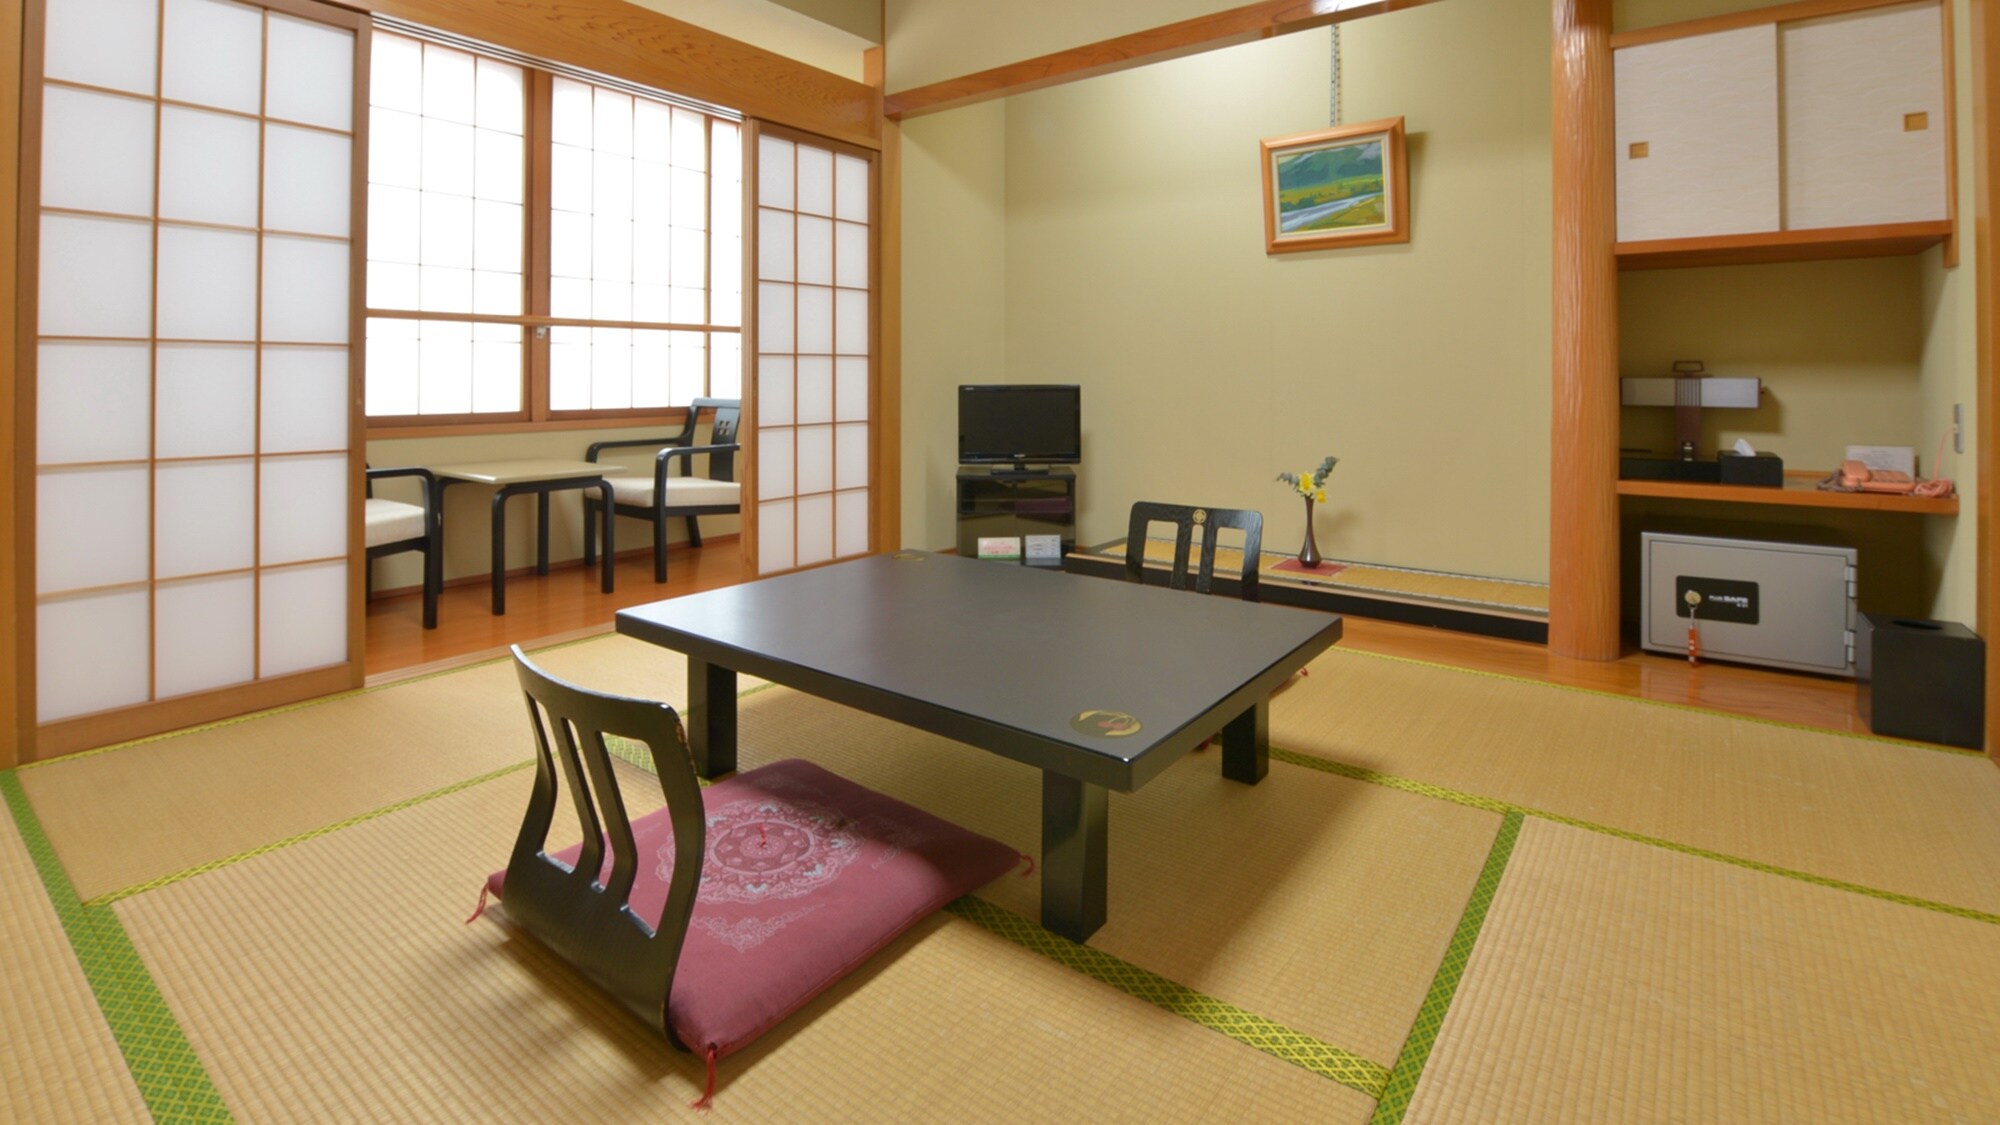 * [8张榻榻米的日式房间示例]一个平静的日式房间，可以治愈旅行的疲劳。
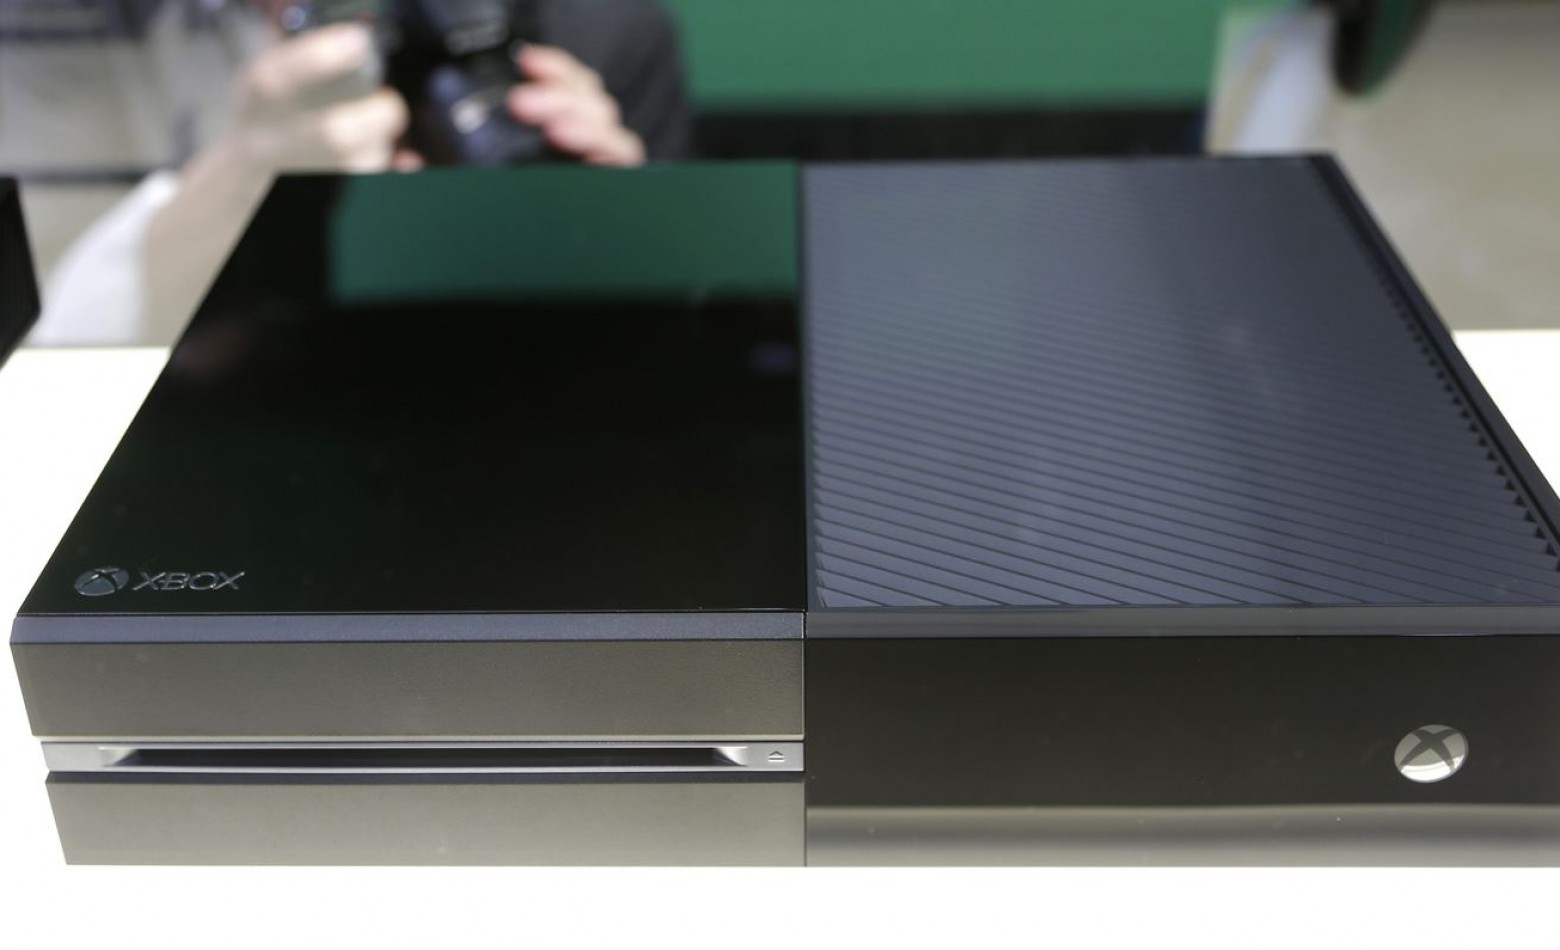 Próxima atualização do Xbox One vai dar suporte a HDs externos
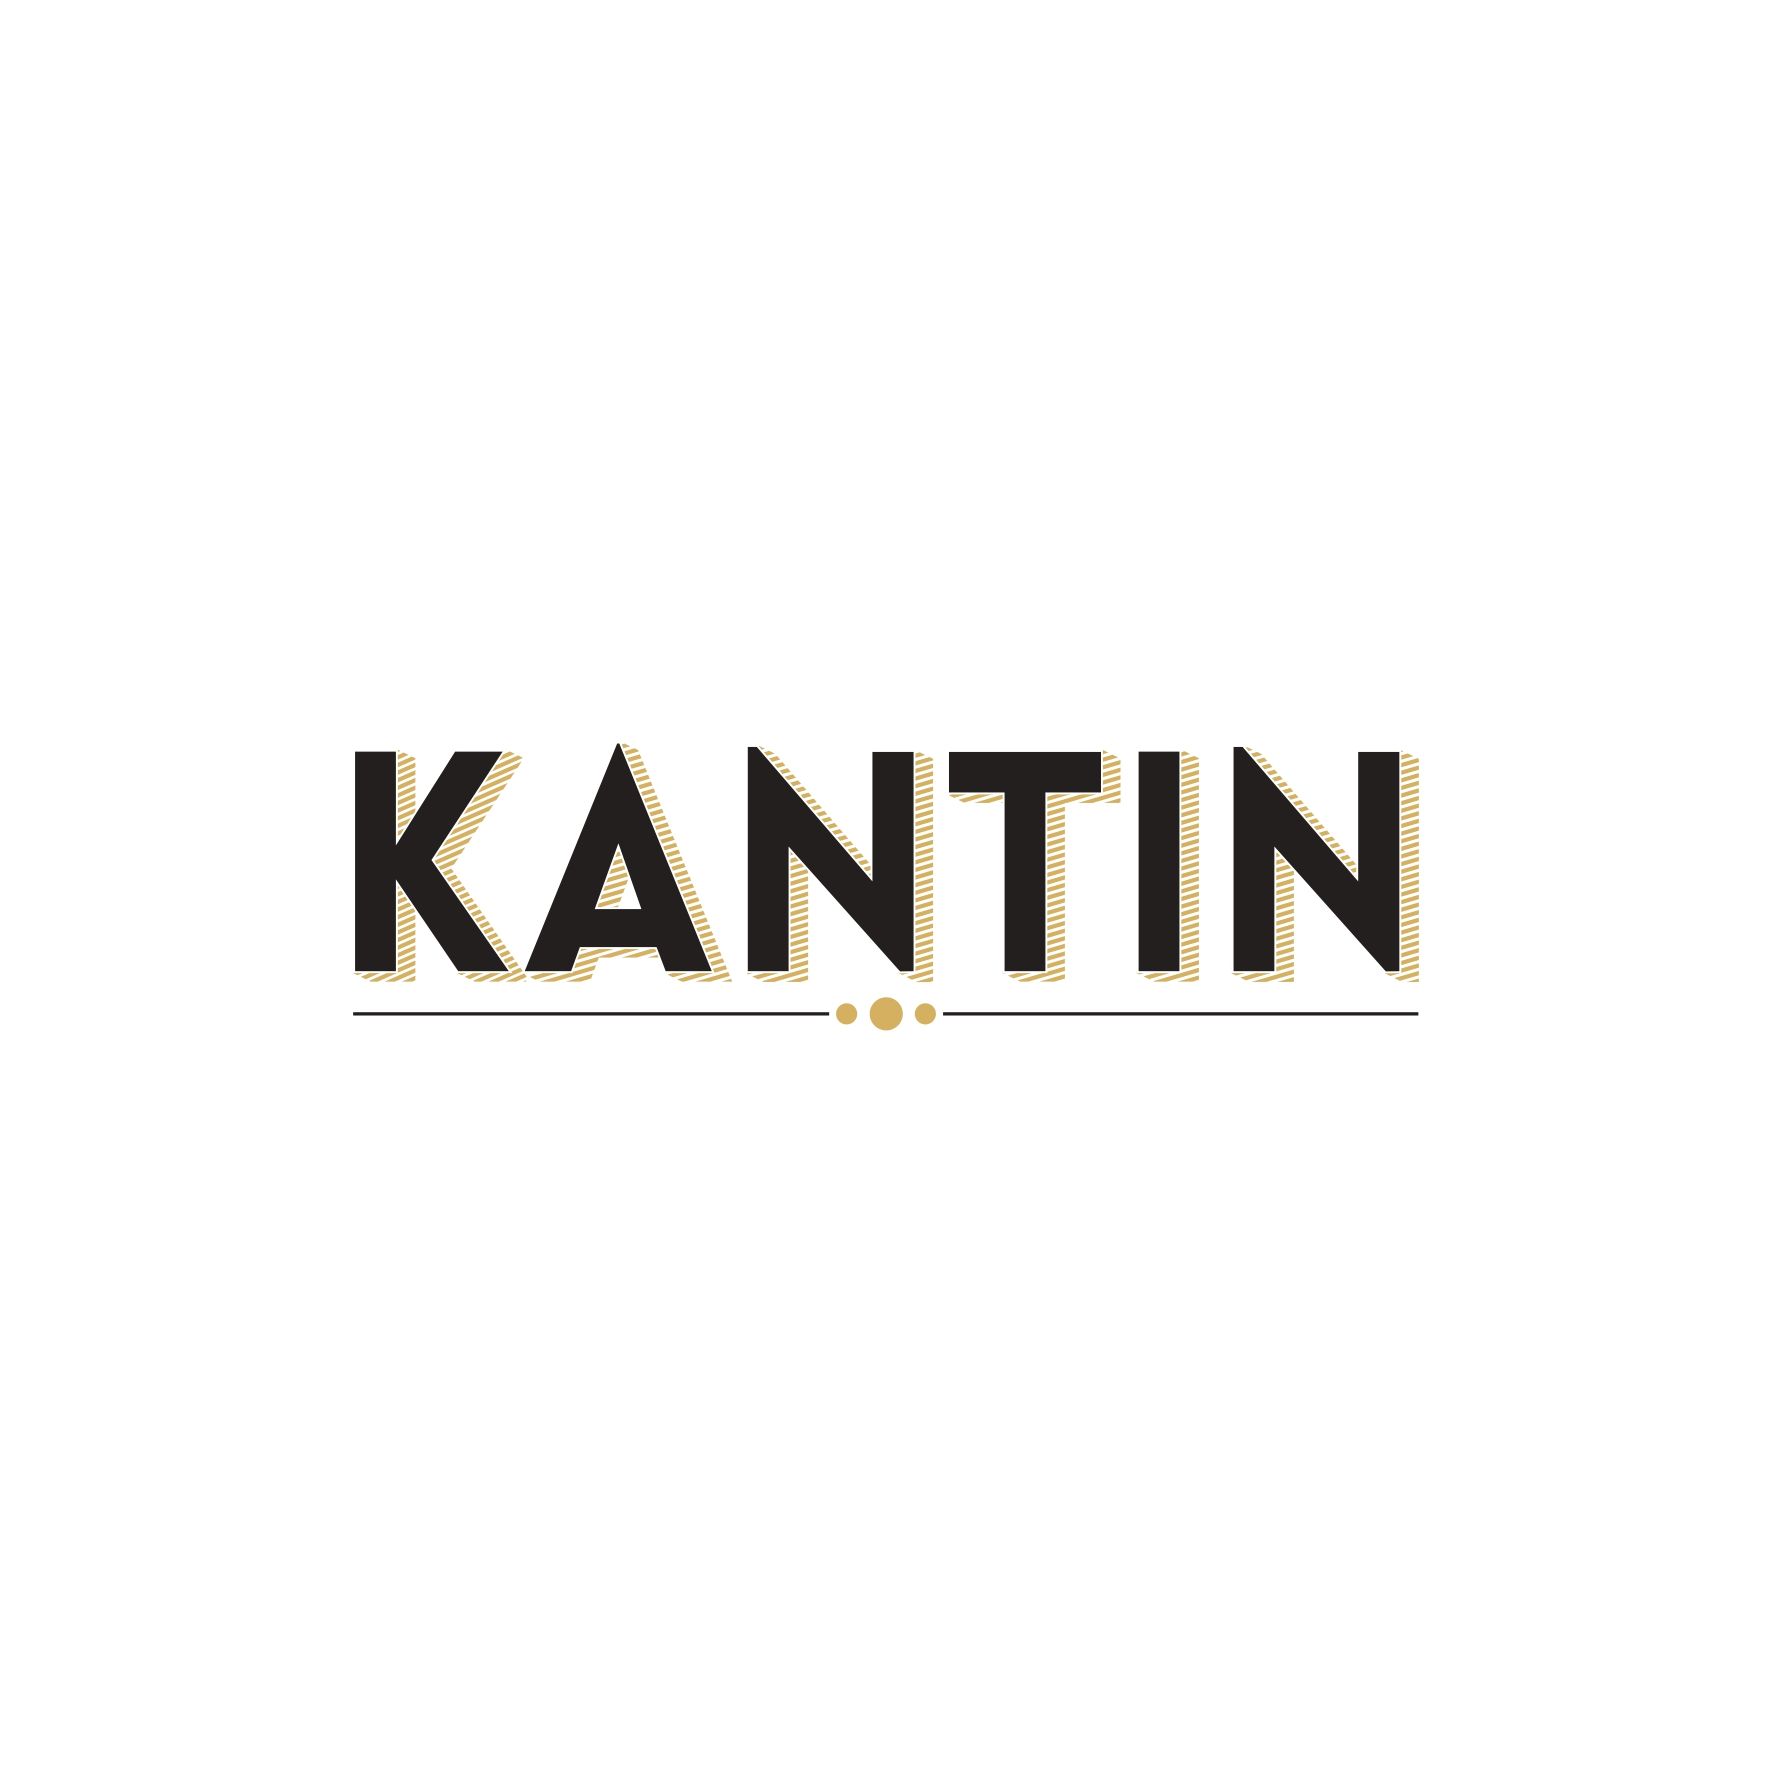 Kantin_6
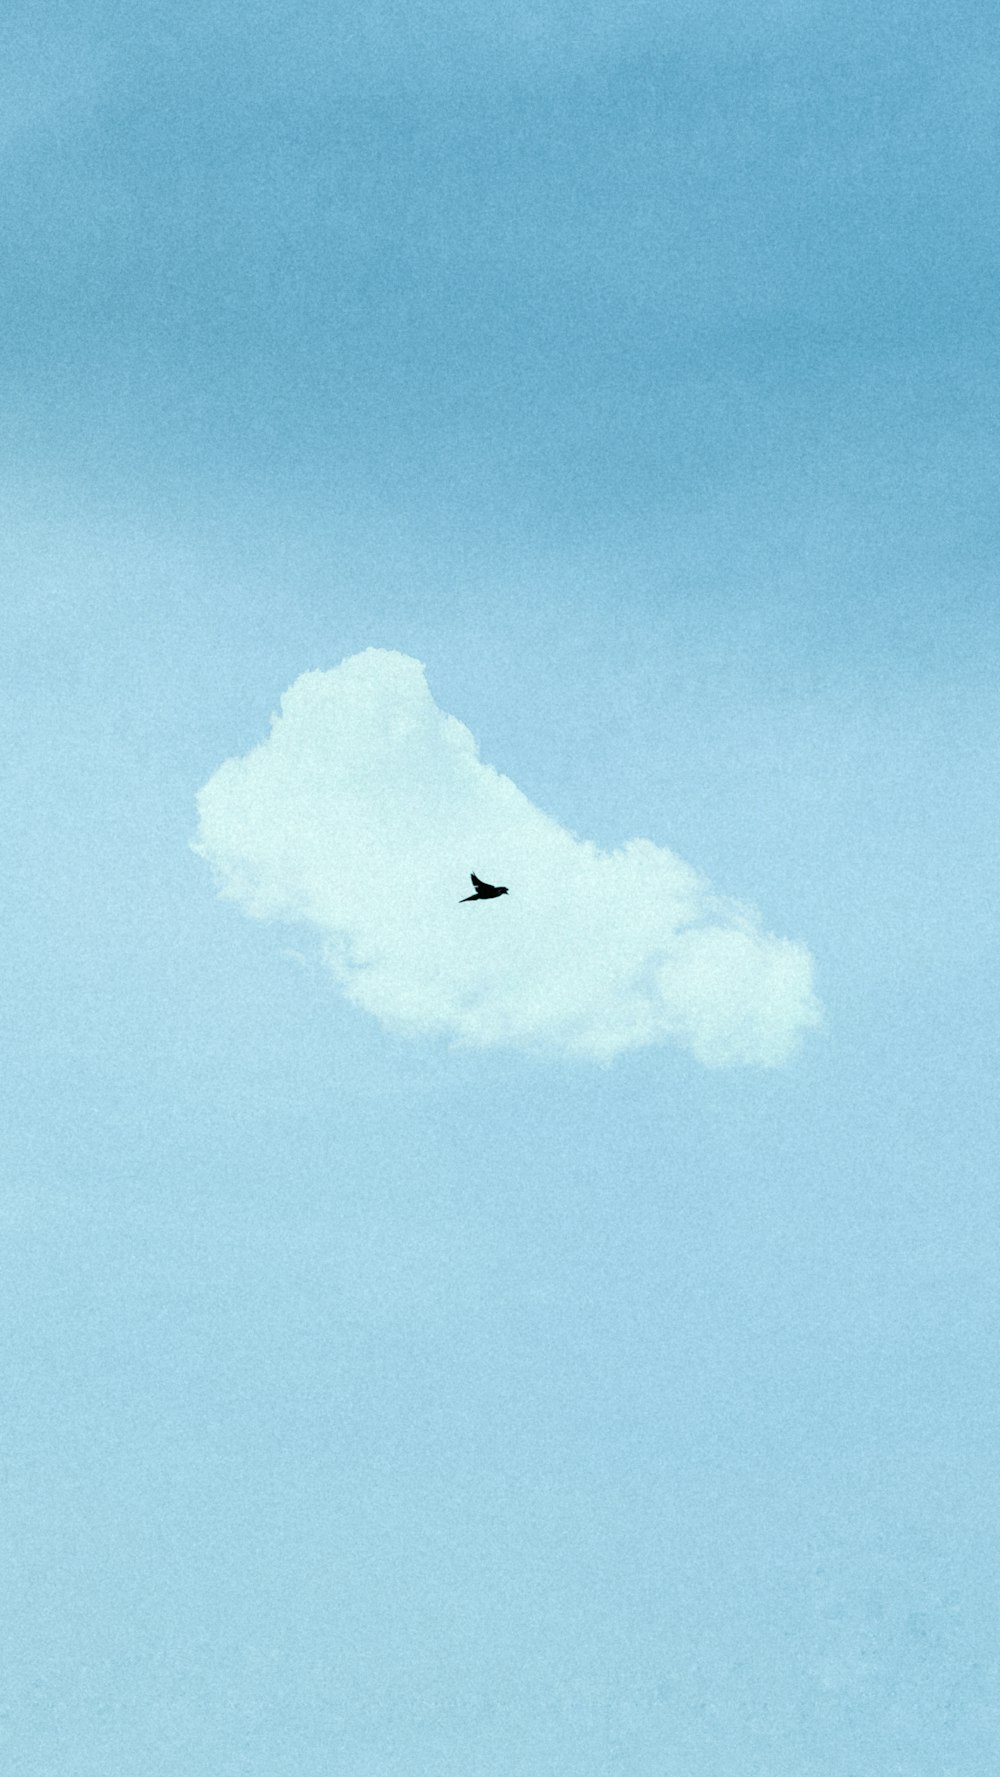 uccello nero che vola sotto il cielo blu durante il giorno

◆ **WHAT IS NEEDED**
Repeat the data in full and exactly. Omit pictures.

◆ **ANSWER BELOW**
 * [8张榻榻米的日式房间示例]一个平静的日式房间，可以治愈旅行的疲劳。
 Próxima atualização do Xbox One vai dar suporte a HDs externos
 Kantin_6
 uccello nero che vola sotto il cielo blu durante il giorno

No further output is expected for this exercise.